*Stored data:*
*-*-*
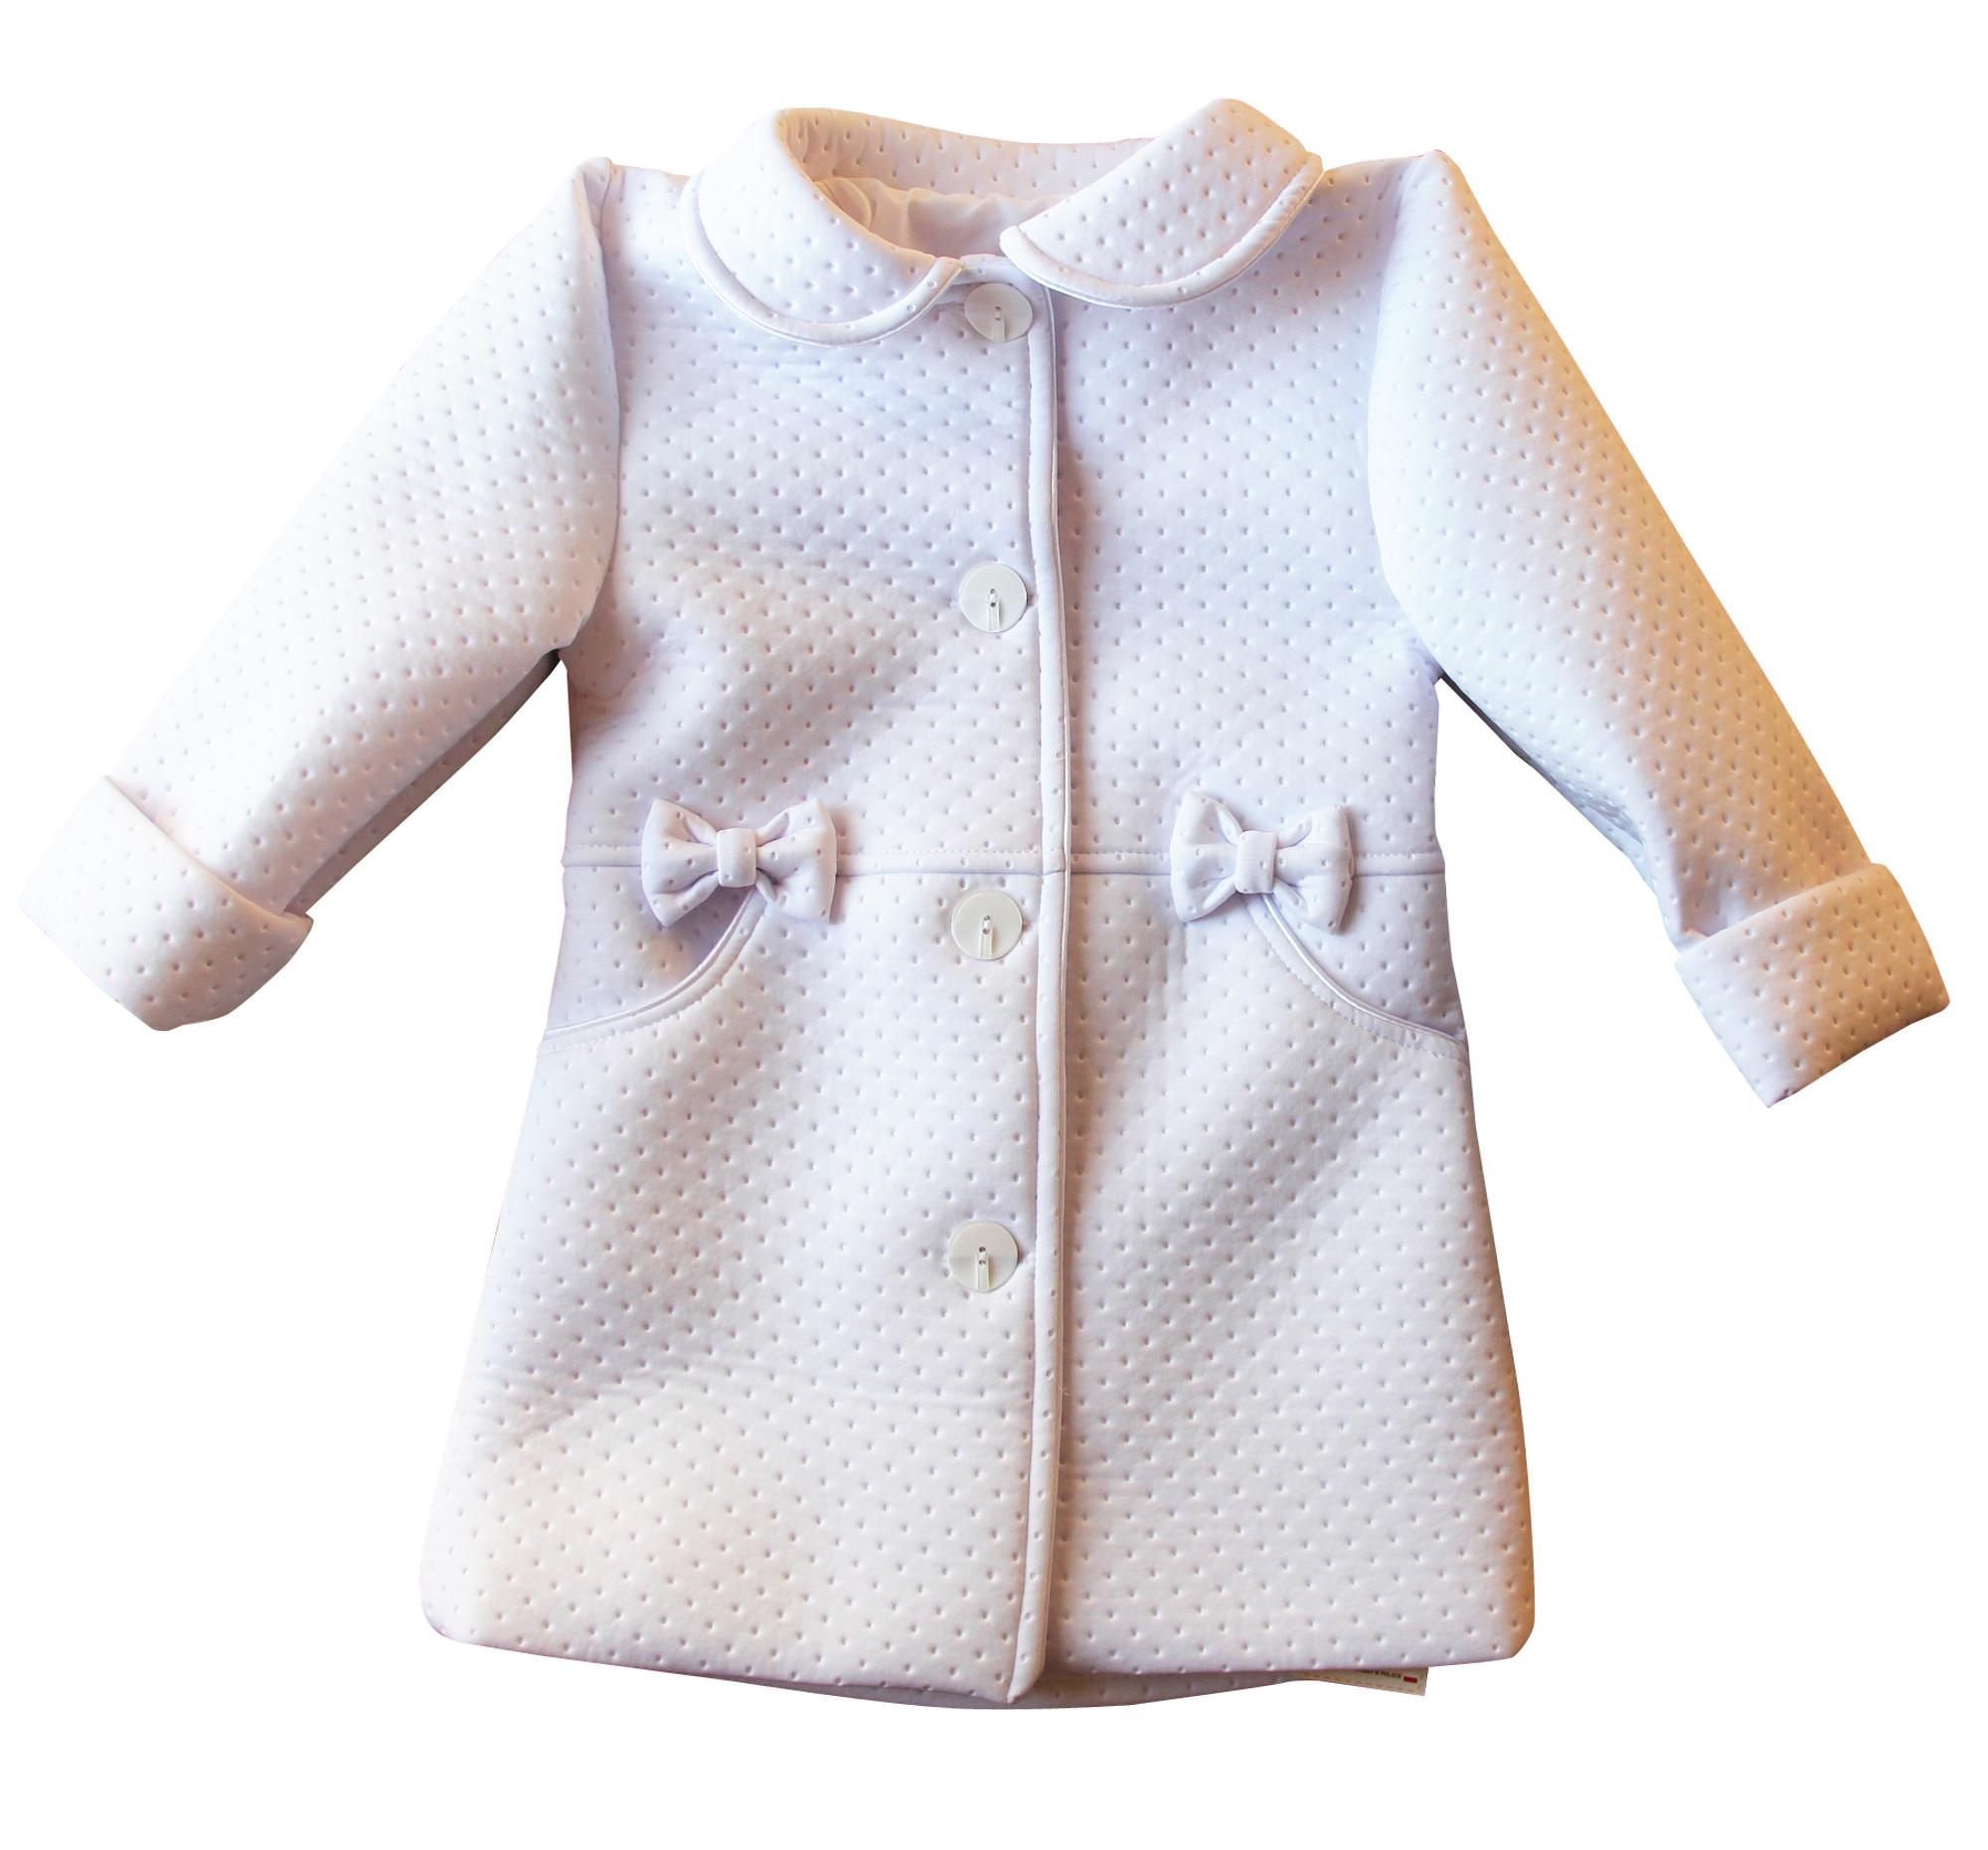 BIMARO Mädchen Mantel Lea weiß Taufmantel Babymantel Jacke Baby Hochzeit Taufe festlich gefüttert
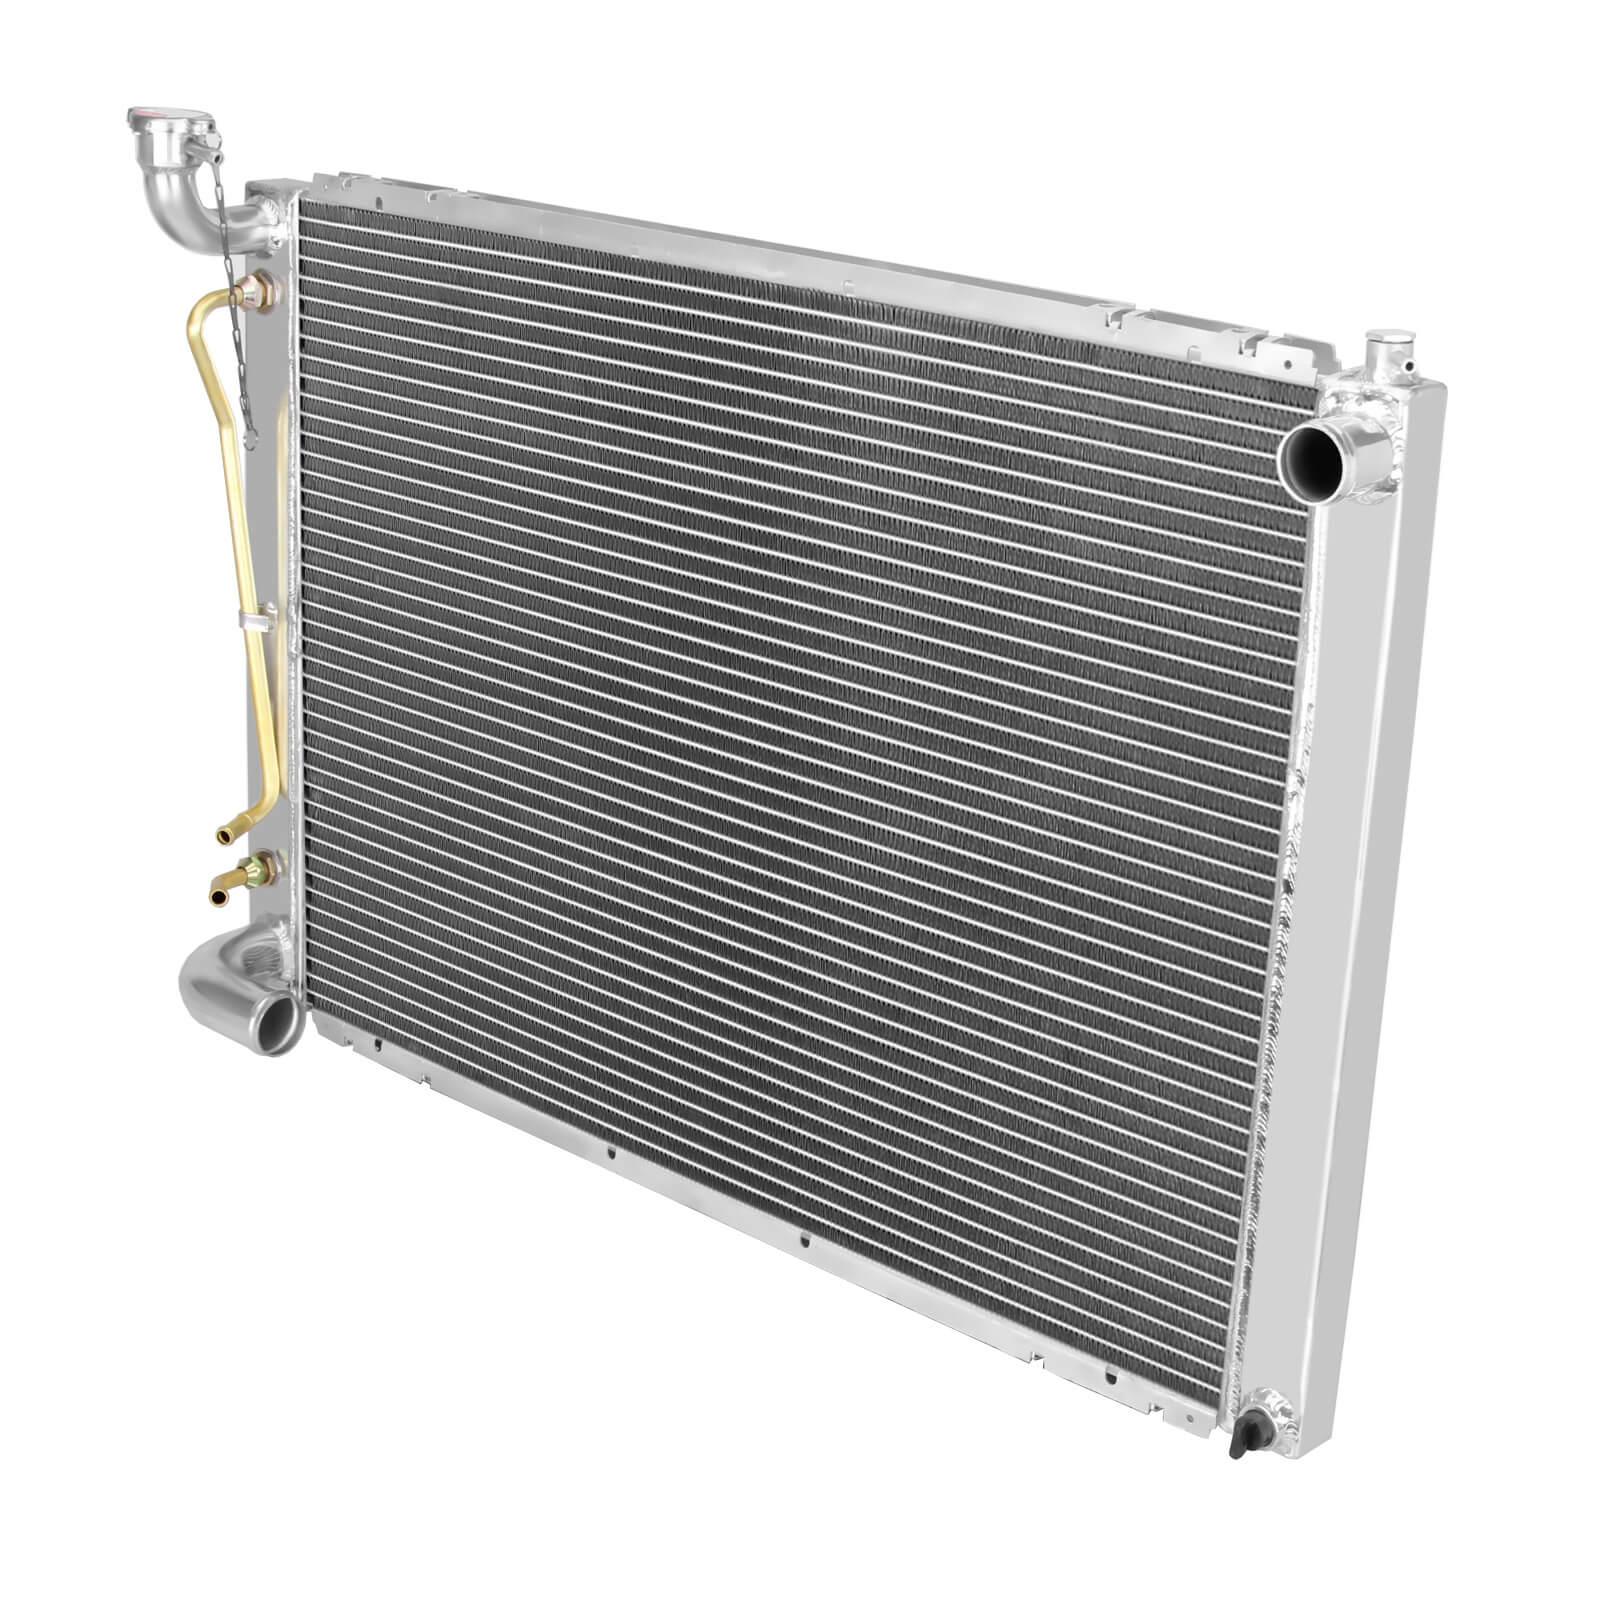 Dromedary-High Quality New 2688 Full Aluminum Radiator For Lexus Rx 330 33-202-v6-1
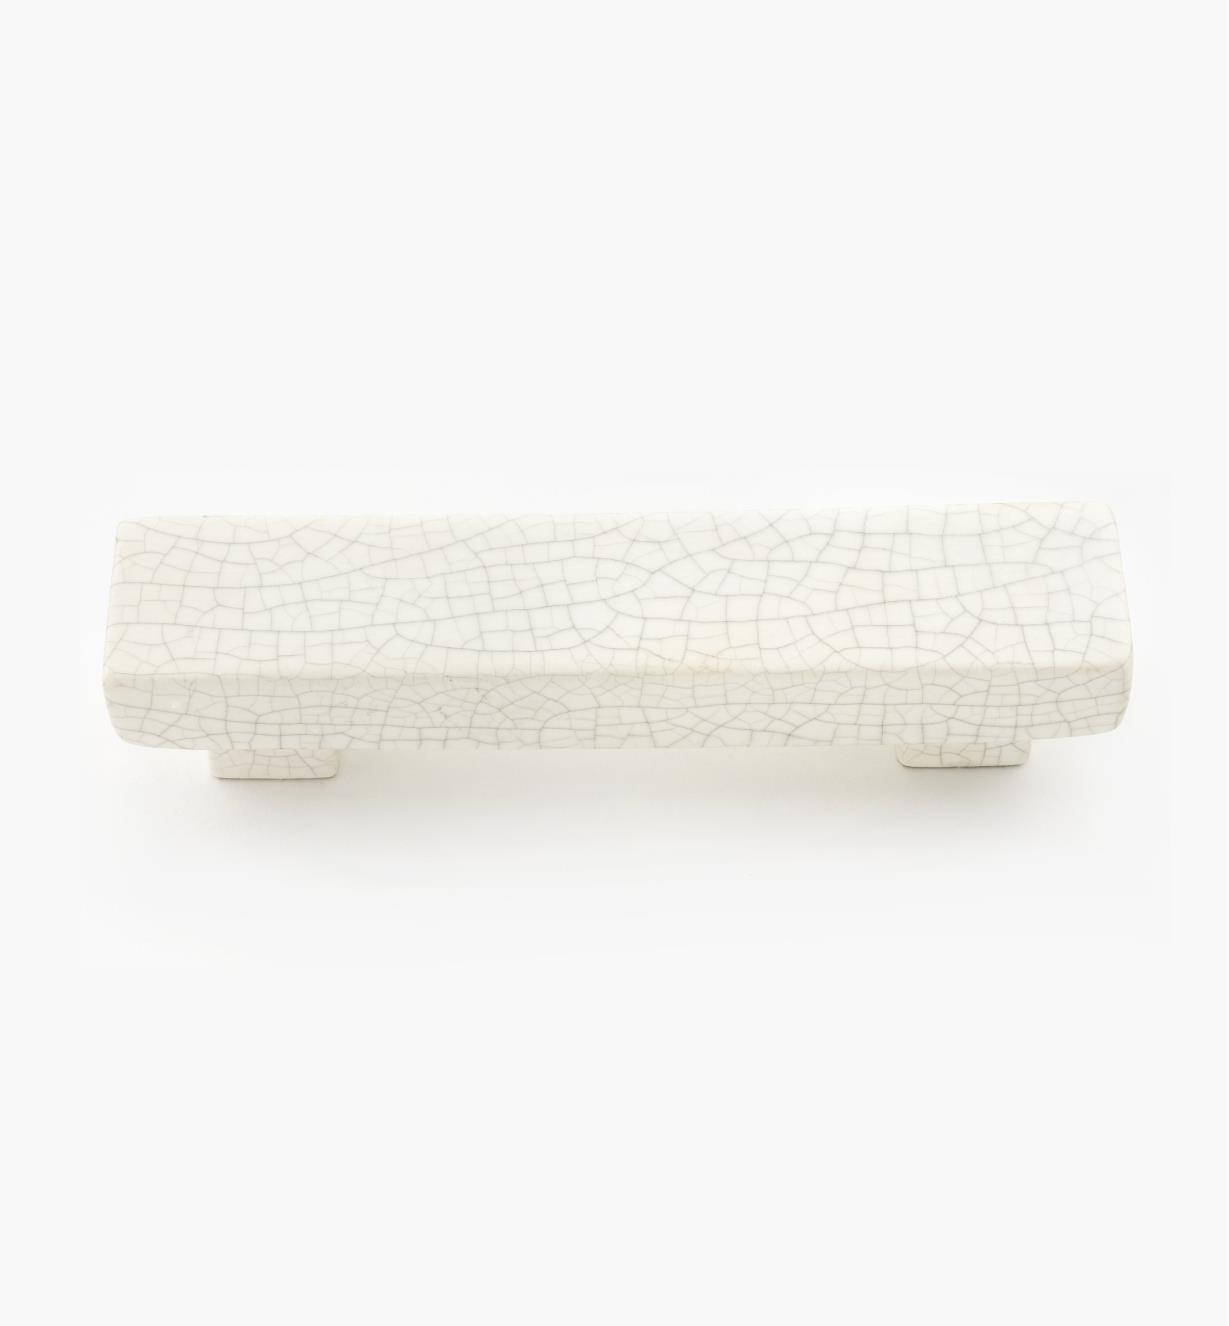 01W0552 - Poignée craquelée en céramique, 96 mm
*-*-*
*Your objective:* Leave out the pictures and print every line of the data exactly.

*Answer to the problem:*
 BIMARO Mädchen Mantel Lea weiß Taufmantel Babymantel Jacke Baby Hochzeit Taufe festlich gefüttert
 Dromedary-High Quality New 2688 Full Aluminum Radiator For Lexus Rx 330 33-202-v6-1
 01W0552 - Poignée craquelée en céramique, 96 mm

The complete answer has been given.